No staging environment — the system is an ML training pipeline on a dedicated GPU server, not a multi-tier web service. Validation happens through the CI test suite (CPU tests) and manual verification on the GPU server before committing to a long training run.

## Environment Variables

### Required Variables

| Variable | Purpose | Dev Default | Prod Source |
|----------|---------|-------------|-------------|
| `AZAION_API_URL` | Azaion REST API base URL | `https://api.azaion.com` | `.env` on server |
| `AZAION_API_EMAIL` | API login email | dev account | `.env` on server |
| `AZAION_API_PASSWORD` | API login password | dev password | `.env` on server |
| `RABBITMQ_HOST` | RabbitMQ host | `127.0.0.1` (local container) | `.env` on server |
| `RABBITMQ_PORT` | RabbitMQ Streams port | `5552` | `.env` on server |
| `RABBITMQ_USER` | RabbitMQ username | `azaion_receiver` | `.env` on server |
| `RABBITMQ_PASSWORD` | RabbitMQ password | `changeme` | `.env` on server |
| `RABBITMQ_QUEUE_NAME` | Queue name | `azaion-annotations` | `.env` on server |
| `AZAION_ROOT_DIR` | Root data directory | `/azaion` | `.env` on server |
| `AZAION_DATA_DIR` | Validated annotations dir name | `data` | `.env` on server |
| `AZAION_DATA_SEED_DIR` | Unvalidated annotations dir name | `data-seed` | `.env` on server |
| `AZAION_DATA_DELETED_DIR` | Deleted annotations dir name | `data_deleted` | `.env` on server |
| `TRAINING_MODEL` | Base model filename | `yolo26m.pt` | `.env` on server |
| `TRAINING_EPOCHS` | Training epochs | `120` | `.env` on server |
| `TRAINING_BATCH_SIZE` | Training batch size | `11` | `.env` on server |
| `TRAINING_IMGSZ` | Training image size | `1280` | `.env` on server |
| `TRAINING_SAVE_PERIOD` | Checkpoint save interval | `1` | `.env` on server |
| `TRAINING_WORKERS` | Dataloader workers | `24` | `.env` on server |
| `EXPORT_ONNX_IMGSZ` | ONNX export image size | `1280` | `.env` on server |

### `.env.example`

Committed to version control with placeholder values.
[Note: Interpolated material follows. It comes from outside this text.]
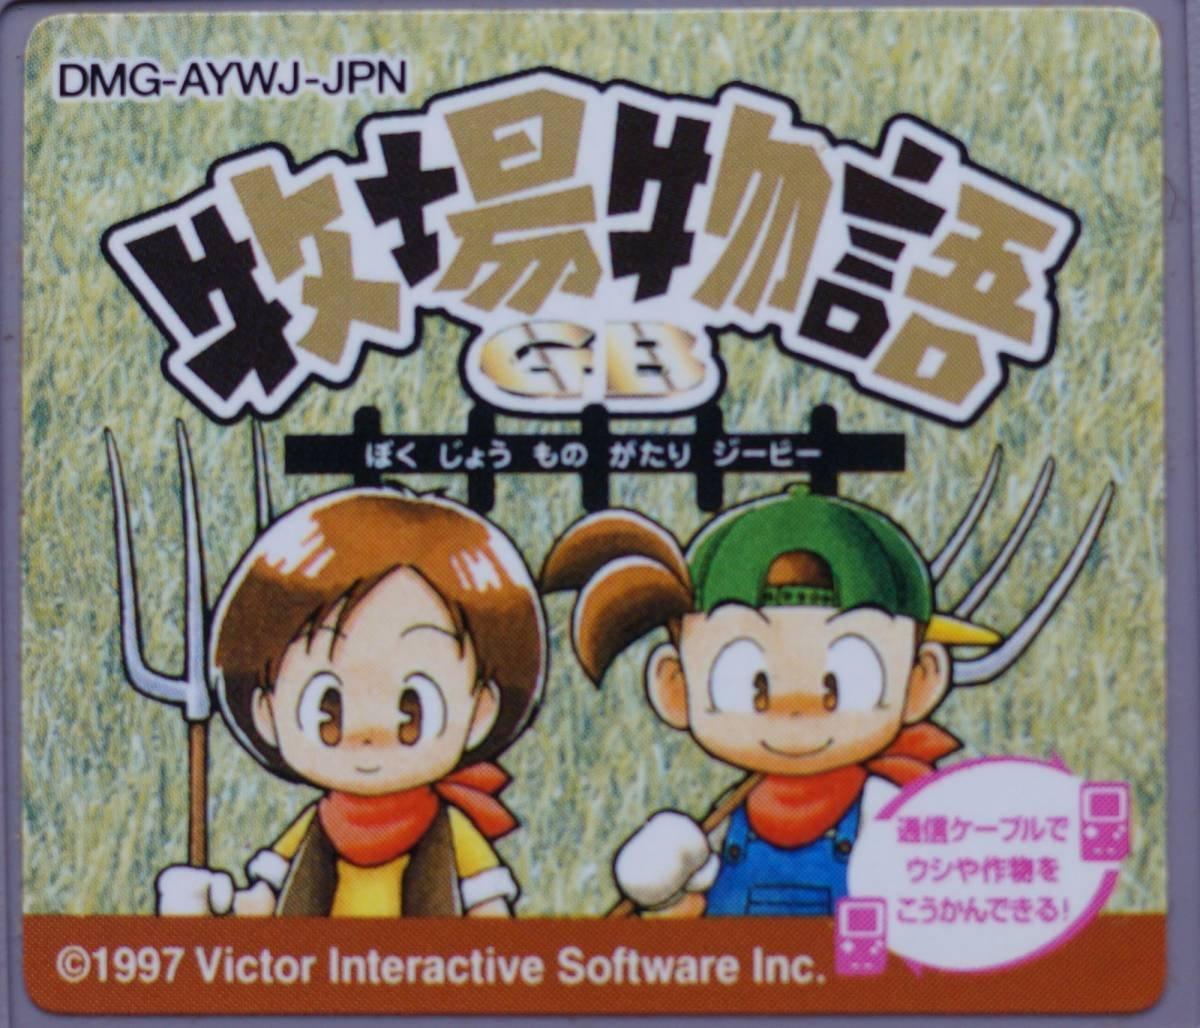 ゲームボーイ カートリッジ : 牧場物語 GB DMG-AYWJ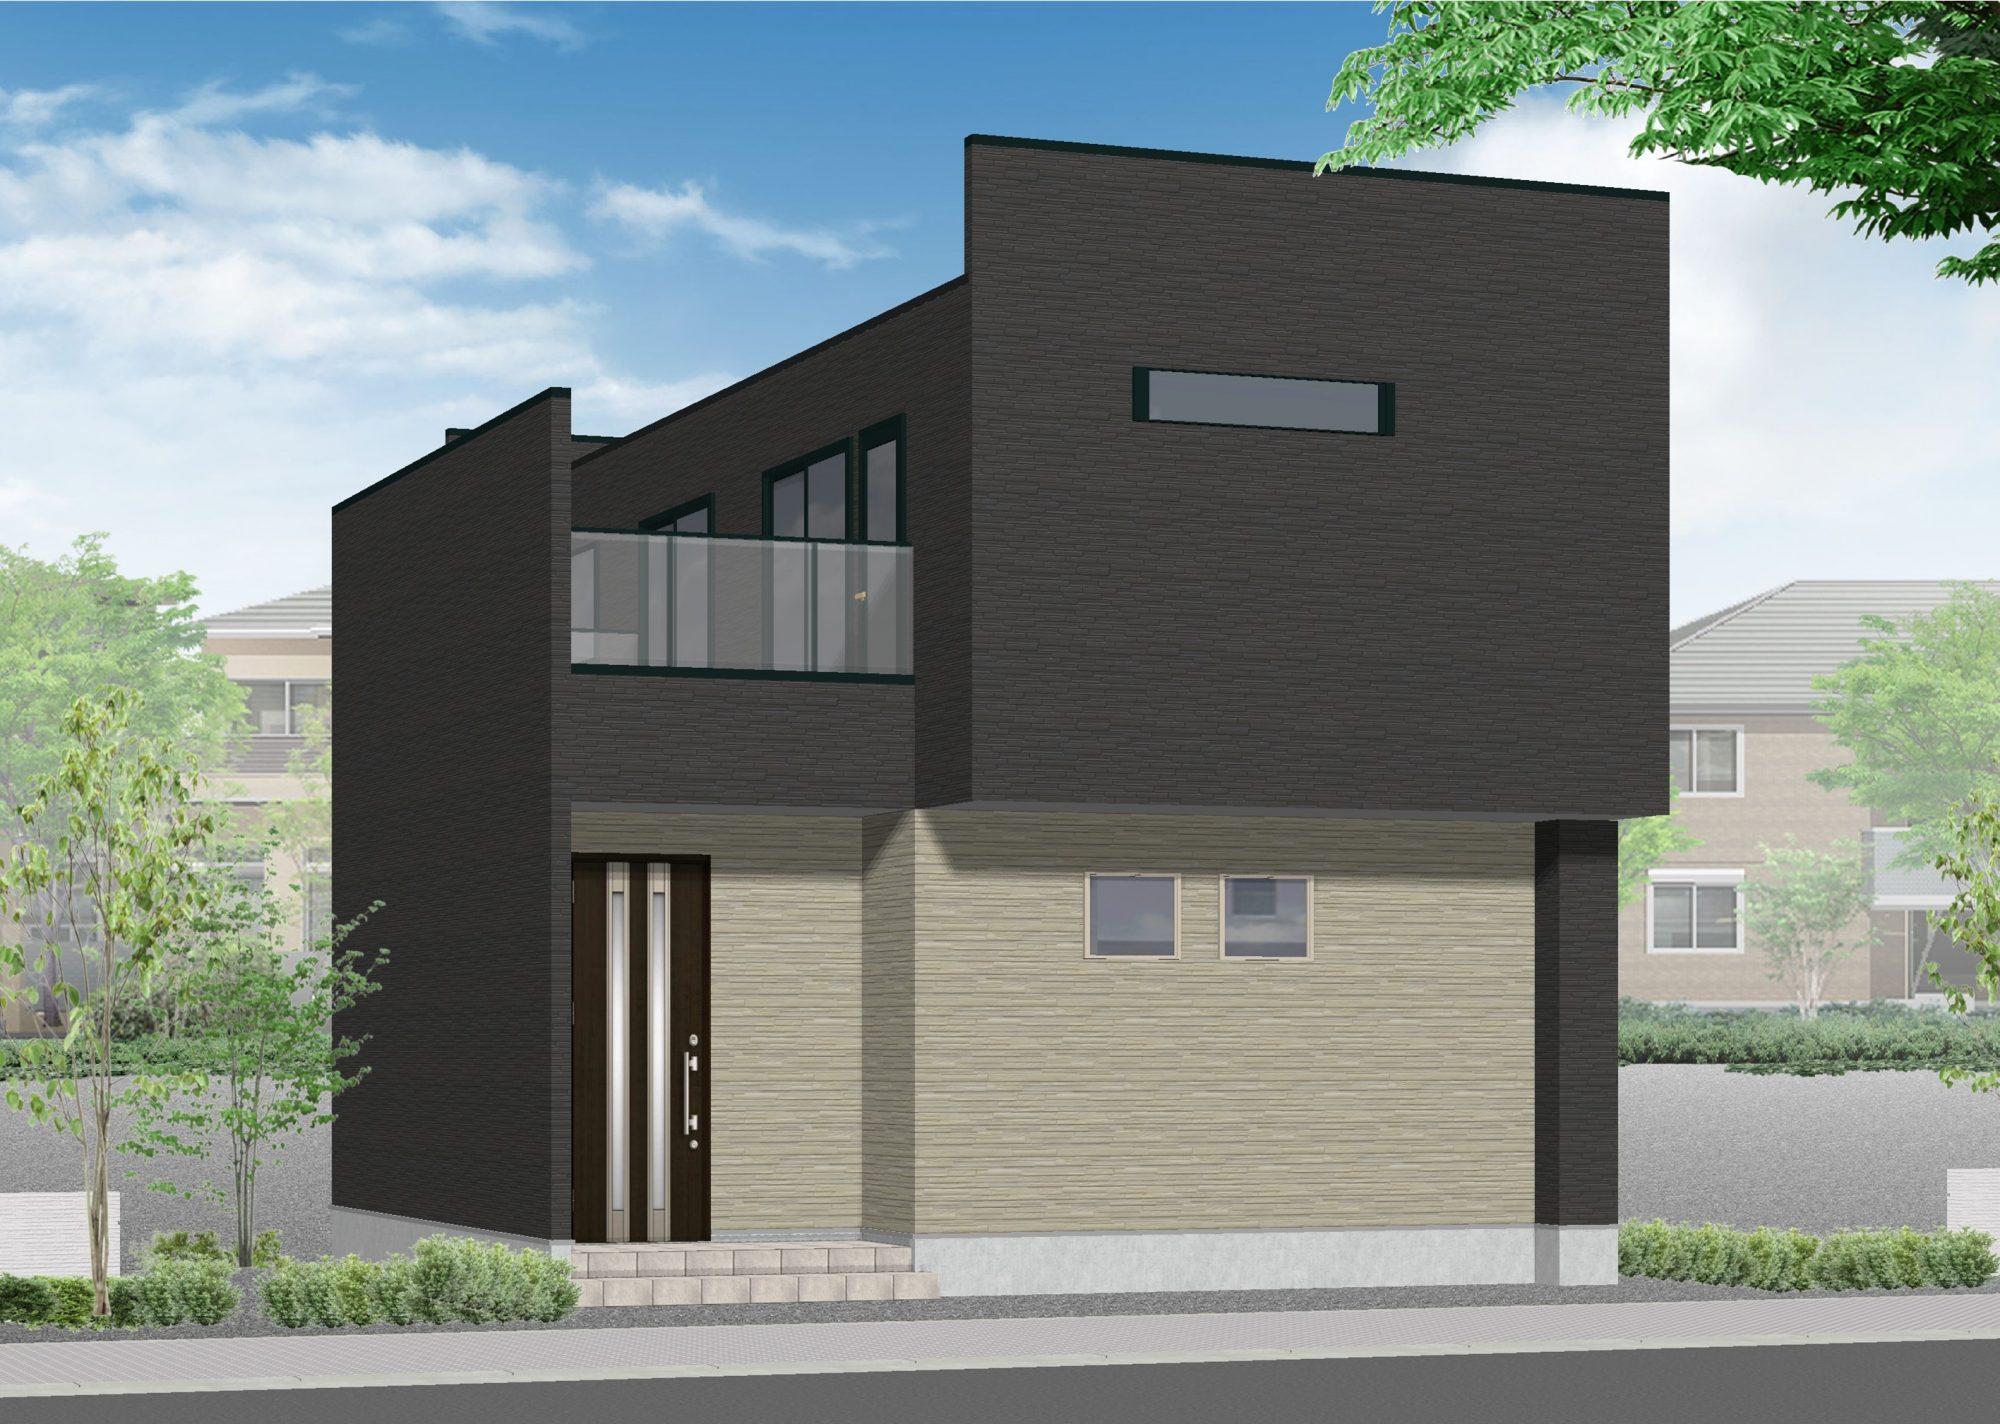 外観はオーバーハングやビックバルコニー、パラペットなどで整えます。宅盤は高めに設定しており側溝+1268㎜の床FLで設計。

See `.env.example` in project root (created in Step 1).

### Variable Validation

The `config.yaml` generation script (part of deploy scripts) validates that all required environment variables are set before writing the config file. Missing variables cause an immediate failure with a clear error listing which variables are absent.

## Config Generation

The codebase reads configuration from `config.yaml`, not directly from environment variables. The deployment flow generates `config.yaml` from environment variables at deploy time:

1. `.env` contains all variable values (never committed)
2. Deploy script sources `.env` and renders `config.yaml` from a template
3. `config.yaml` is placed at the expected location for the application

This preserves the existing code's config reading pattern while externalizing secrets to environment variables.

## Secrets Management

| Environment | Method | Location |
|-------------|--------|----------|
| Development | `.env` file (git-ignored) | Project root |
| Production | `.env` file (restricted permissions) | GPU server `/opt/azaion-training/.env` |

Production `.env` file:
- Ownership: `root:deploy` (deploy user's group)
- Permissions: `640` (owner read/write, group read, others none)
- Located outside the Docker build context

Secrets in this project:
- `AZAION_API_PASSWORD` — API authentication
- `RABBITMQ_PASSWORD` — message queue access
- CDN credentials — auto-provisioned via API at runtime (encrypted `cdn.yaml`), not in `.env`
- Model encryption key — hardcoded in `security.py` (existing pattern, flagged as security concern)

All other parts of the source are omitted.